Art

Using art to increase condom awareness

Condoms, when used correctly and consistently, are safe, inexpensive and highly effective in preventing unplanned pregnancies and transmission of STIs, including HIV. 

For decades, Brazilian artist Adriana Bertini has used her artistic creations to raise awareness on the importance of condom use. Adriana’s art is embedded into the social and cultural fabric. It addresses condom uptake without stigma and discrimination, and challenges taboos around sexual health, sexual pleasure and sexuality education. 

“I hope my art provokes educational debates and helps to overcome the stigma and discrimination related to sexual health that prevents condom use, particularly among youth,” said Bertini. 

Adriana is an internationally recognized artist. Inspired by her volunteer work with children living with HIV in Brazil in the 1990s, she started to use conceptual fashion as a unique form of activism to raise awareness about AIDS and HIV prevention. 

Using art to increase condom awareness
Adriana Bertini posing with models wearing her condom dresses (© Juja Kehl)

Adriana uses condoms that did not pass manufacturers’ inspection as raw material to make pieces of art, including haut couture dresses, sculptures, mobiles, dolls’ clothing, and a series of other artistic experiments using petri dishes, pills and plants to evoke discussion around themes related to HIV/STI prevention and care.

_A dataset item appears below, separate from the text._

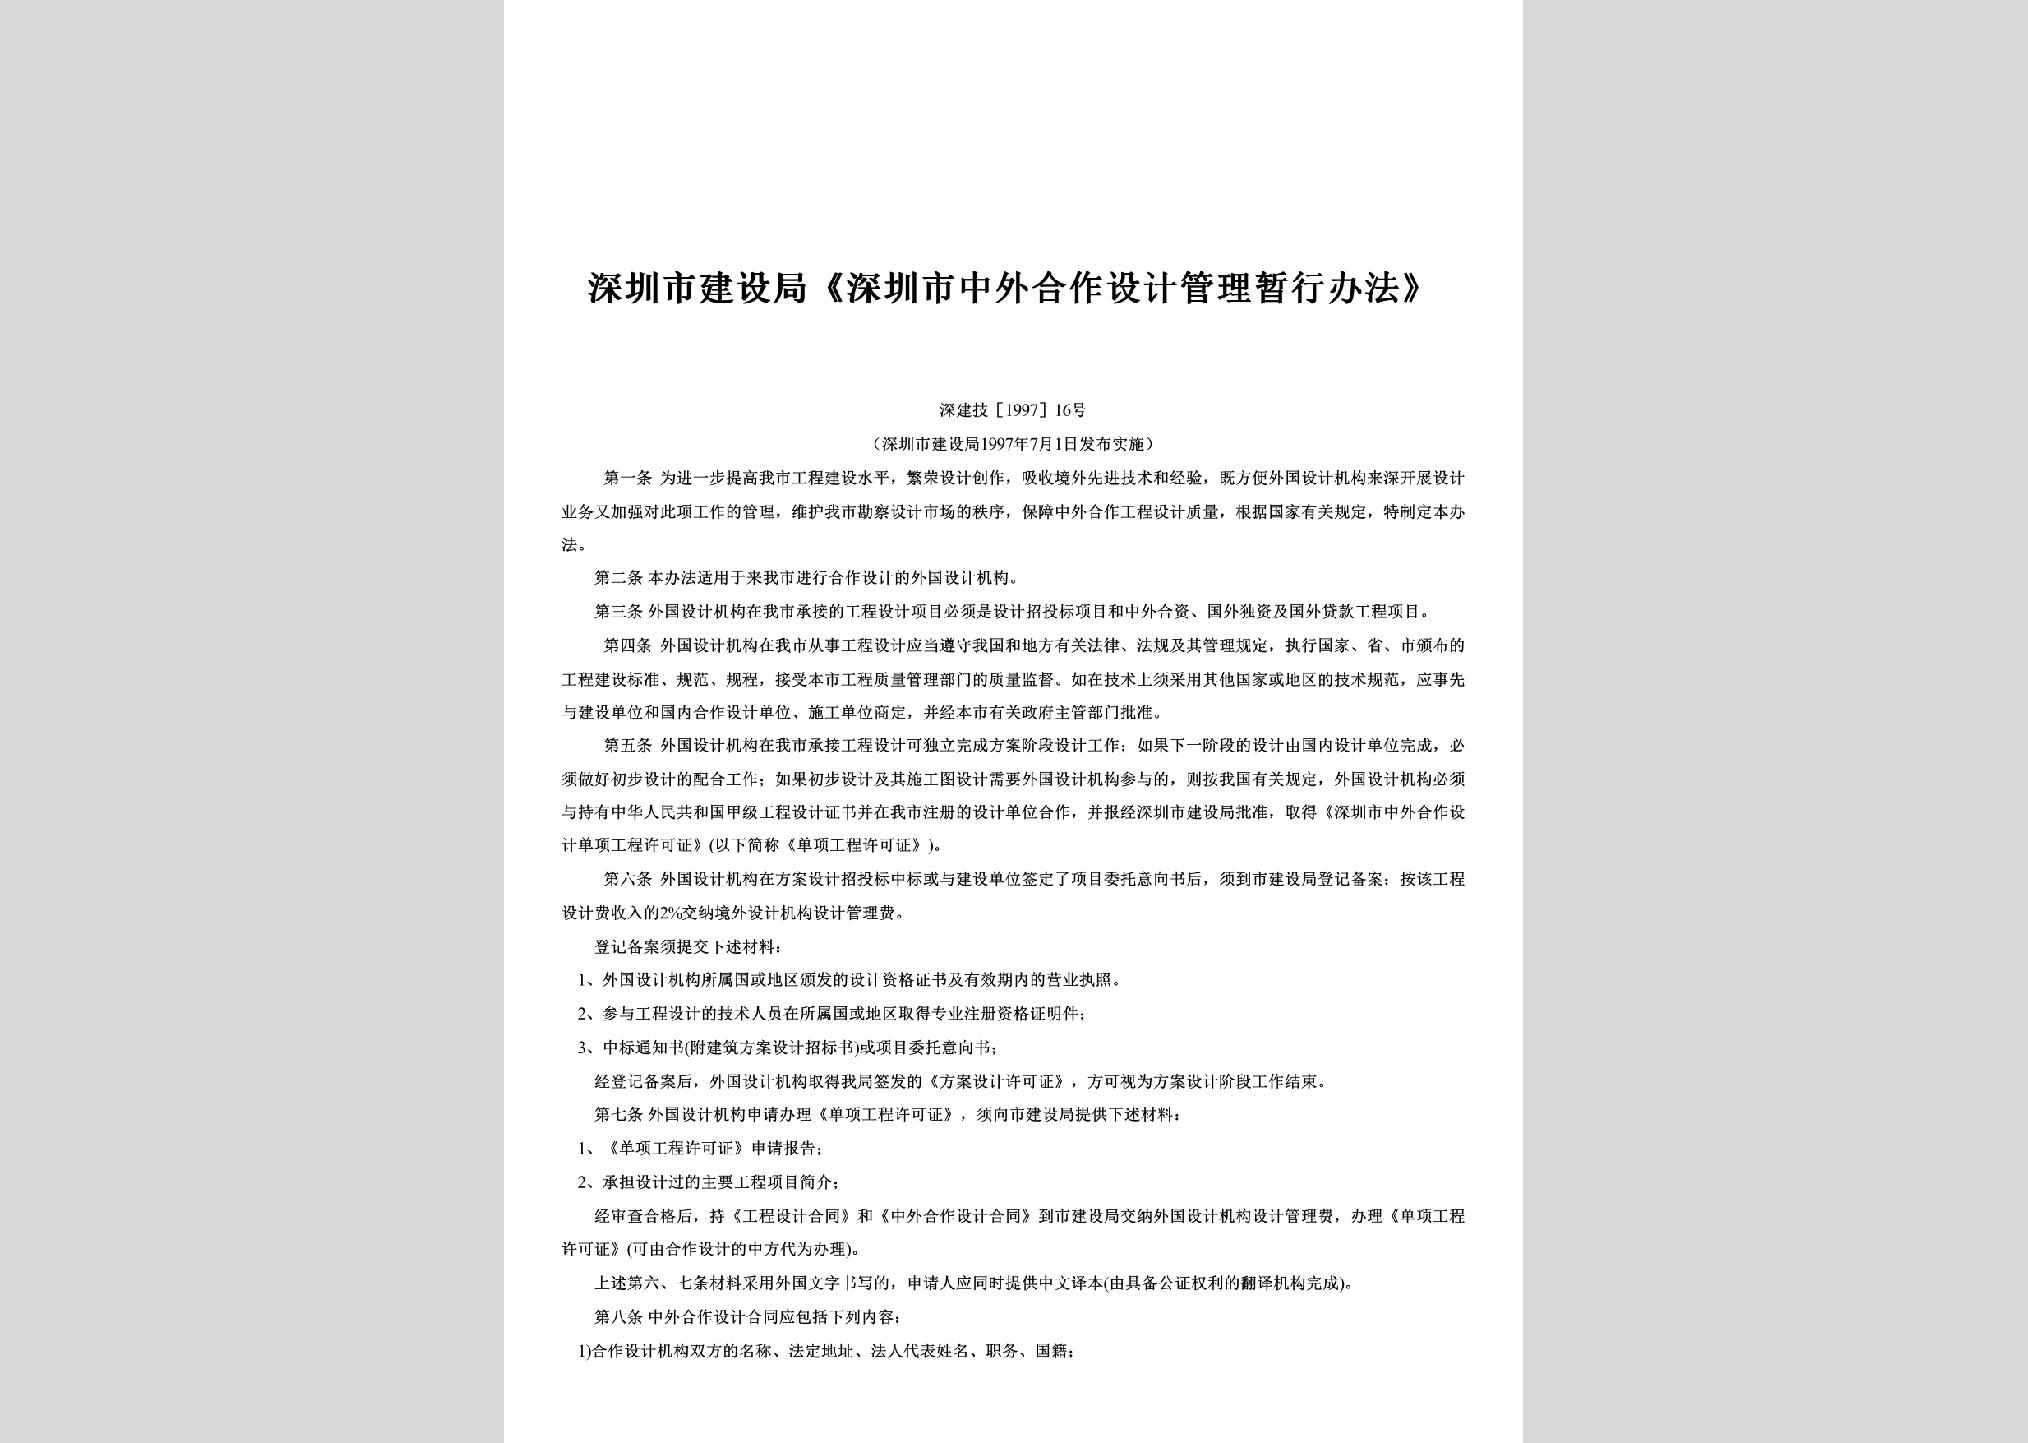 深建技[1997]16号：《深圳市中外合作设计管理暂行办法》

“Condoms are seen very negatively in our societies as a barrier to pleasure. I wanted to convey that condom use should be as natural as clothing. I made everything out of condoms with the aim of introducing them into people’s everyday lives.”      

Recognizing the gap in knowledge and use of condoms in her home country, Adriana became a community educator and social mobilizer by using her multidisciplinary experience to create and coordinate social projects. To support these goals, she co-founded the NGO Instituto Multiverso in São Paulo, which specializes in advocacy for youth through developing and managing opportunities that educate around sexuality and harm reduction. 

Condom art workshops

As an activist and artist, she holds condom art workshops with young people around the globe. These workshops connect plastic arts with sexuality education and health promotion. They focus on the development of garments whose fabric is composed of condoms that would otherwise go to waste due to manufacturing defects. The work provides an opportunity for participants to reflect on self-care through encouraging condom-use promotion and negotiation as well as educating about positive sexuality, stigma and discrimination and gender norms.

Hands touching condoms
Adriana Bertini’s workshop participants feel empowered by having knowledge and understanding of condoms and condom use. (© A. Bertini)

As mentioned by a youth participating in one of the workshops that took place in Brooklyn, New York City, “I actually had never touched a condom before, but I came in and saw everyone else doing it, so I got more relaxed. The more comfortable someone is touching condoms and being prepared, the more relaxed you will feel when you actually need to use it.”

Adriana’s work has been exhibited extensively worldwide and in multiple editions of the International AIDS Society conferences, at which WHO actively participates. 

Artistic interventions and health outcomes 

There is a growing body of evidence suggesting a positive association between artistic interventions and health outcomes and well-being. Benefits have been seen in the areas of health promotion, prevention and care. In 2019, the WHO European office incorporated artistic interventions to advance specific WHO health goals, including universal health coverage, mental health and suicide prevention, maternal health, blindness prevention and quality of care, in addition to historic efforts in HIV prevention. 

Adriana Bertini’s life-long work highlights the use of art as a strategy to raise awareness among those not reached by conventional promotion interventions and to inspire the use by those who inconsistently use them.